To grow up in a house with no fighting is to try a hamburger for the first time without the actual patty; it just doesn’t make sense. I believe in rebellion. I believe that if a child isn’t mad at his or her parents at least twice a month, then the parents must be doing something wrong. And I believe that it is the child’s duty as an individual human being to go against what the parents are talking about and find out his or her own beliefs and morals so as to mature.
Now I’m not talking about rebellion in the sense of breaking the law, going to jail, or running from the cops. I am talking about fighting for what you believe even if it goes against everything you have been taught. This doesn’t mean hurting your parents intentionally, it means finding out who exactly you are and what you are made of.

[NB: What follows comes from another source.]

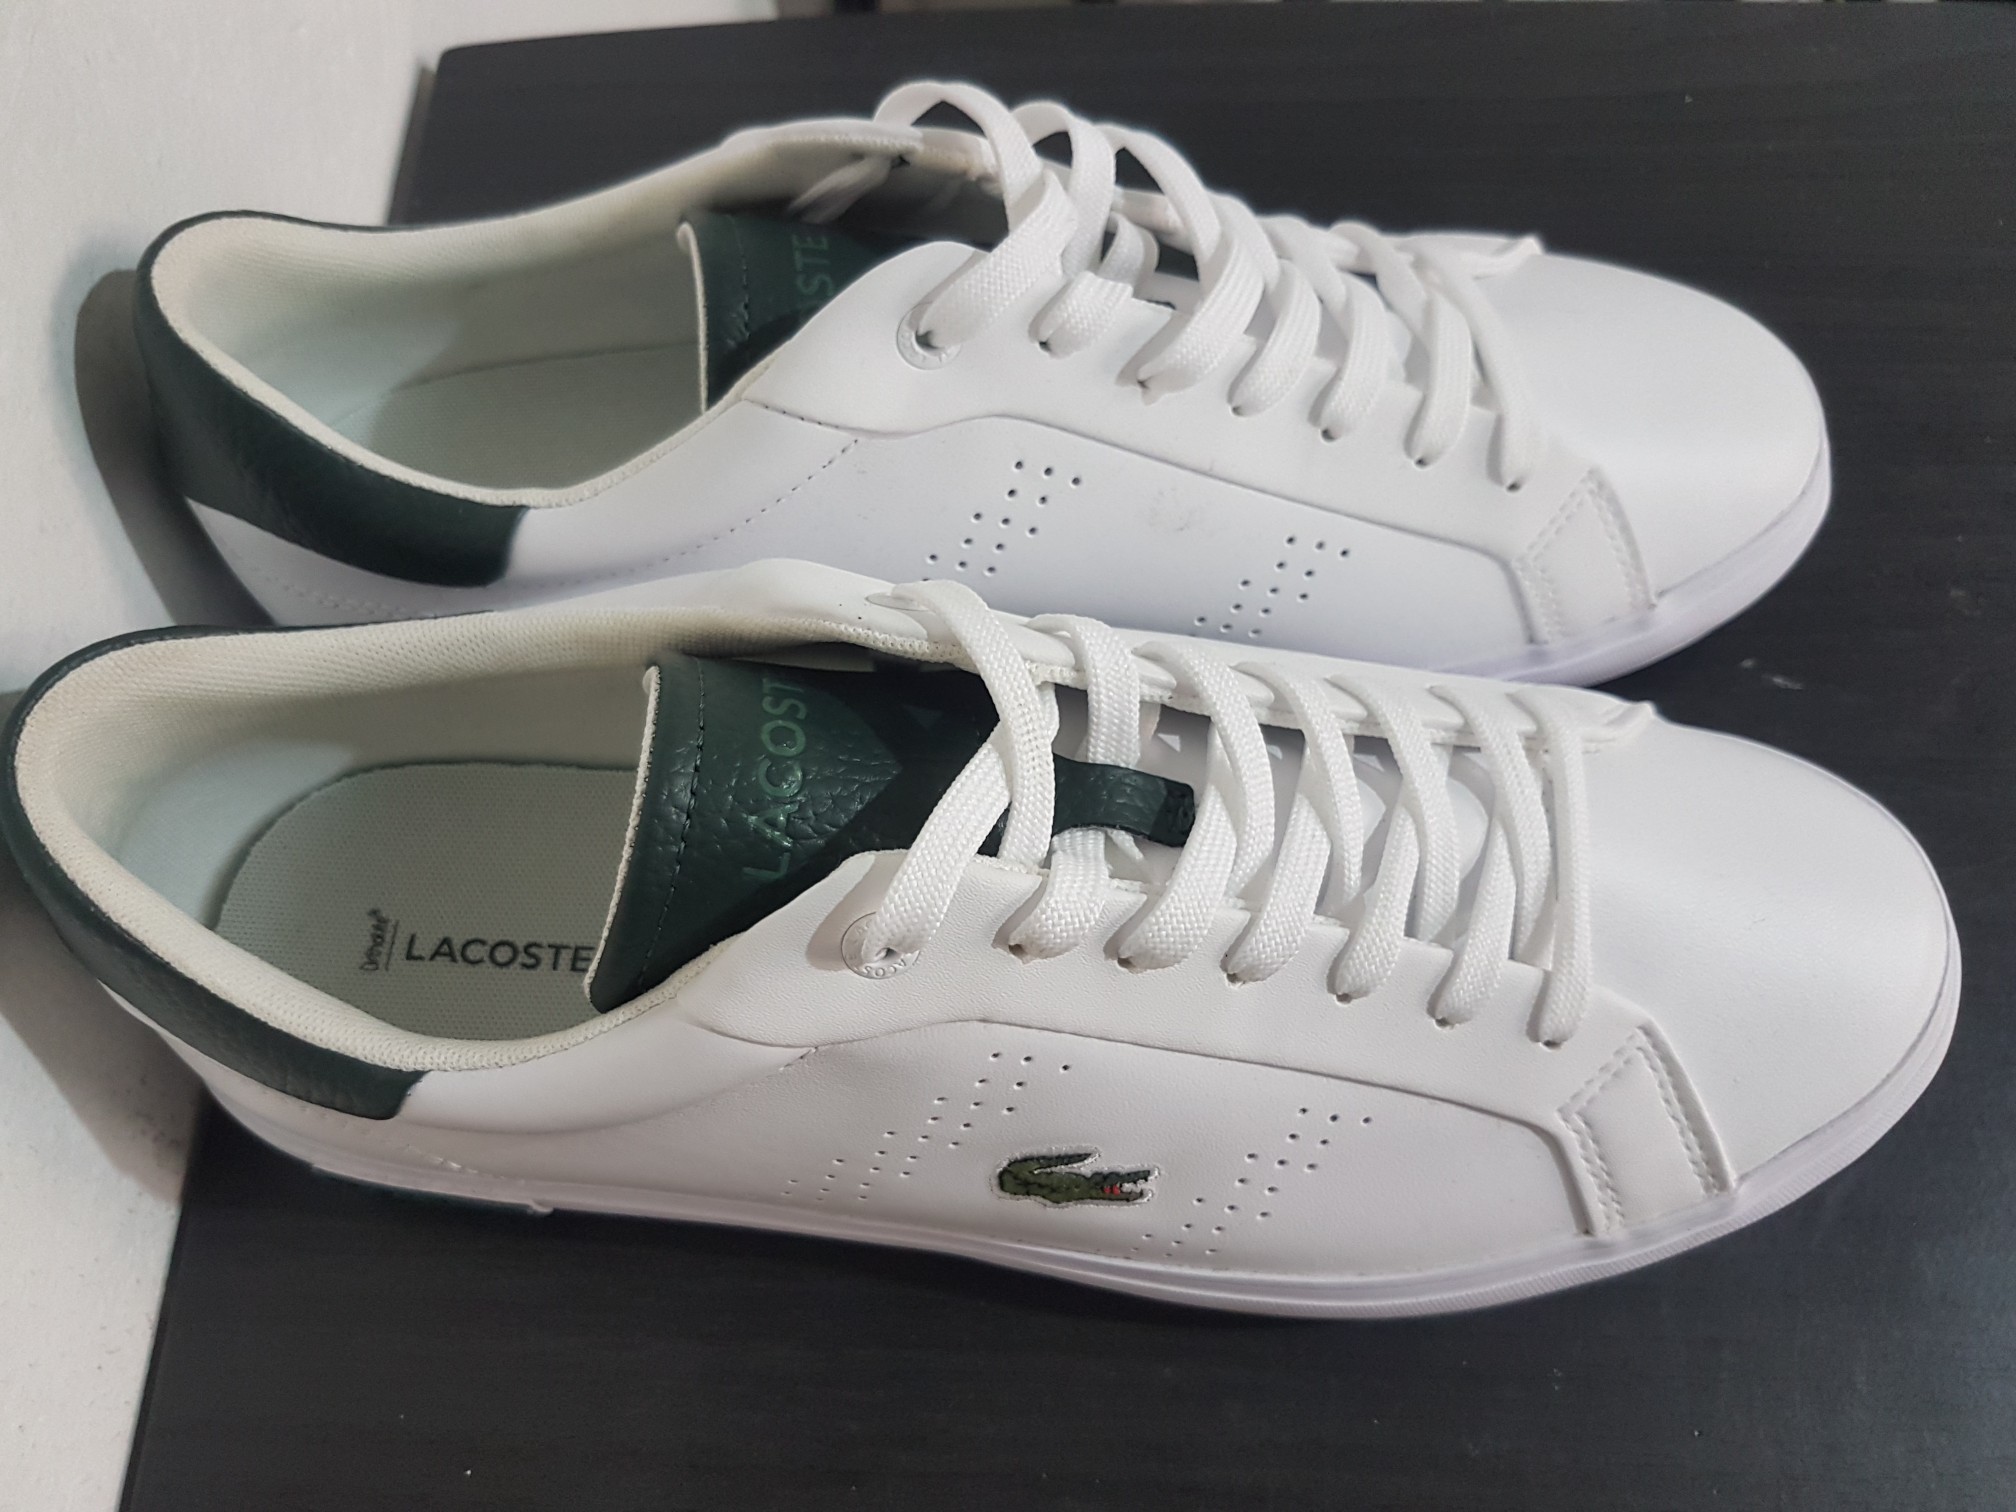 zapatos para hombre - Zapatos, Tenis, Convers, Lacoste, Blanco, verde, hombre. 2

The components of rebellion that are so striking to me are the maturity that it brings and the obstacles that are overcome. Obstacles in my opinion are an important part of life. It’s in the times when I want to give up on myself that I truly find who I am. These obstacles will not occur unless you make mistakes, and the only way to make mistakes is to go against the rules. Your parents might say that you are immature for the road that you are following at the time, but what they don’t know is in some sick-paradoxical-phenomenon, you are actually maturing through your “adolescent behavior.” Rebellion to me is a synonym for growing up.
I grew up these last two years, and I’m not ashamed to say that I was grounded for a good chunk of that time. But it was my time to discover myself. My parents cooperated in their role by coming down on me, and I executed my lines brilliantly by getting in even more trouble. The play as whole was a tragic comedy that ended with the message of a fable: Be who you are. I learned that who I am has a lot to do with my parents, but it also has whole lot to do with ME. There came a point in my life where I knew that my parents beliefs were not that of my own and I needed to discover what I was made of. Yes, I made a lot of mistakes, ones that I wish I hadn’t. But to say that I regret my rebellion is inaccurate. These mistakes and obstacles that I pushed into my own path have only helped me learn. Although others may judge me, they will never know the significance I received while bending the rules. They are only judging because they themselves have not experienced the maturity of rebellion.